From the line with "玩球网站(中国)责任有限公司产品营销展示中心" through the line with "Ludlow 1981", inclusive, return each line of the data below exactly and leave the rest out.

Items listed in a dataset
◆ ◆ ◆ ◆ ◆ ◆ ◆

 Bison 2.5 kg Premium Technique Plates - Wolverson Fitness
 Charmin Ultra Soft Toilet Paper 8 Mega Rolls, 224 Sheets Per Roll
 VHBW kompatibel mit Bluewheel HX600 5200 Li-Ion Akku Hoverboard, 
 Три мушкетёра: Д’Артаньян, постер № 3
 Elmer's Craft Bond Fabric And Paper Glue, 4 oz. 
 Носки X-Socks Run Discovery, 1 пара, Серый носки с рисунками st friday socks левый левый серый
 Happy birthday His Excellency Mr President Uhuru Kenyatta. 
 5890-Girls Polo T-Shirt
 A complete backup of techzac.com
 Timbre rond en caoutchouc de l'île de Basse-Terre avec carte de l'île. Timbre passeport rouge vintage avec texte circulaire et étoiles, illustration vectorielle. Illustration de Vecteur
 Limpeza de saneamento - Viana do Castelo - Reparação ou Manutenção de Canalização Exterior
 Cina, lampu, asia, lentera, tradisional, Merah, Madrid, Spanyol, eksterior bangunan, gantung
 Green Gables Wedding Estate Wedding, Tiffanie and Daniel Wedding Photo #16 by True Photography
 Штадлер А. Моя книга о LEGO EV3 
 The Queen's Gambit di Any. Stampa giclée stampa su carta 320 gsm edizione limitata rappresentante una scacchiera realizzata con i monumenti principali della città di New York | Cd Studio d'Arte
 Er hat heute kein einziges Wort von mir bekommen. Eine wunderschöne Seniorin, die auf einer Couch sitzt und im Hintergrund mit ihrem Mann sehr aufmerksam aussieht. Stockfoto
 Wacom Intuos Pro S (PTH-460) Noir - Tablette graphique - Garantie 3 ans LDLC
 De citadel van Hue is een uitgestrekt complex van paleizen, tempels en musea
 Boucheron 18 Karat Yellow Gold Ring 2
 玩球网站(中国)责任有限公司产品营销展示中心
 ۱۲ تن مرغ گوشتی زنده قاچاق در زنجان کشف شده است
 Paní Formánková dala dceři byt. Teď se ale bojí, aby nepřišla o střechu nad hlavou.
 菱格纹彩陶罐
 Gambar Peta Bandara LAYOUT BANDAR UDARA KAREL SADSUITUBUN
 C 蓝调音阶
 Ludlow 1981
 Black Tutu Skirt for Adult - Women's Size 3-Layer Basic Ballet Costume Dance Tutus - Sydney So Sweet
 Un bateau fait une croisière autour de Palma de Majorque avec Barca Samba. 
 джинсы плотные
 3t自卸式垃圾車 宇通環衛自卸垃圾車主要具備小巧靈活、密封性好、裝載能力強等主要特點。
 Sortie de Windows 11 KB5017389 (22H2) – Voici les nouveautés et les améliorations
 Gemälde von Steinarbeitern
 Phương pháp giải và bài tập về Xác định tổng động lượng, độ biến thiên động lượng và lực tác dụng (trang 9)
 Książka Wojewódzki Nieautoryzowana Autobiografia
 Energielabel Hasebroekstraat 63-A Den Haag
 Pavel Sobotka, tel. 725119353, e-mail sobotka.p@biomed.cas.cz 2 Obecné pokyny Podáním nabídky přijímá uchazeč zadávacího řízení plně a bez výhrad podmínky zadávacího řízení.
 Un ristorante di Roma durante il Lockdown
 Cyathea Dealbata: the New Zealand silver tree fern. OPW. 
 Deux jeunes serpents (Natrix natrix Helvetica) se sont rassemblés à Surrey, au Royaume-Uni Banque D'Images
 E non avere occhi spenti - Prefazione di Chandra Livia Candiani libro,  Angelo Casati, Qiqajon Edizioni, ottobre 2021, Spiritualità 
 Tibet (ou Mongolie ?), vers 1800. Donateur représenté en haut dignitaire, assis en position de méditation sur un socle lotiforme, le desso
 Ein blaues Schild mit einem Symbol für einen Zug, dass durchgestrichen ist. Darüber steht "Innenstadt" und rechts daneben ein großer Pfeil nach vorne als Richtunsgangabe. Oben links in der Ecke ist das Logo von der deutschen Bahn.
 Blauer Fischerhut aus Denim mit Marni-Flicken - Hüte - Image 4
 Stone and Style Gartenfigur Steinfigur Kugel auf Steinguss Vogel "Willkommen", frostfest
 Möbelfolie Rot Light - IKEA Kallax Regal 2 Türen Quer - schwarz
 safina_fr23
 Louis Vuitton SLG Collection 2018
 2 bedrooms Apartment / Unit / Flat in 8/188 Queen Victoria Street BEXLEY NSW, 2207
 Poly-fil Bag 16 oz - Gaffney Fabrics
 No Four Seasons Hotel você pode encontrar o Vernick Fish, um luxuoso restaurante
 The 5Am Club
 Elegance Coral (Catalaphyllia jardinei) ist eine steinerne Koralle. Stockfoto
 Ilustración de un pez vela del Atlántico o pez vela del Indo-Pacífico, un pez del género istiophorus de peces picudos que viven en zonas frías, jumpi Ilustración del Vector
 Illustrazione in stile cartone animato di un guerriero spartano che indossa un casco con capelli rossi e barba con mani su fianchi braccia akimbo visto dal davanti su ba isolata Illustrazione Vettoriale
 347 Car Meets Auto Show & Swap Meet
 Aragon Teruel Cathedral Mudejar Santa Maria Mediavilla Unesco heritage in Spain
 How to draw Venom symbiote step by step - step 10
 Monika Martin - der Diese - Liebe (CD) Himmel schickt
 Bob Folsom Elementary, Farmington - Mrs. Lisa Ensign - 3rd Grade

◆ ◆ ◆ ◆ ◆ ◆ ◆

> **RESPONSE AREA**:
 玩球网站(中国)责任有限公司产品营销展示中心
 ۱۲ تن مرغ گوشتی زنده قاچاق در زنجان کشف شده است
 Paní Formánková dala dceři byt. Teď se ale bojí, aby nepřišla o střechu nad hlavou.
 菱格纹彩陶罐
 Gambar Peta Bandara LAYOUT BANDAR UDARA KAREL SADSUITUBUN
 C 蓝调音阶
 Ludlow 1981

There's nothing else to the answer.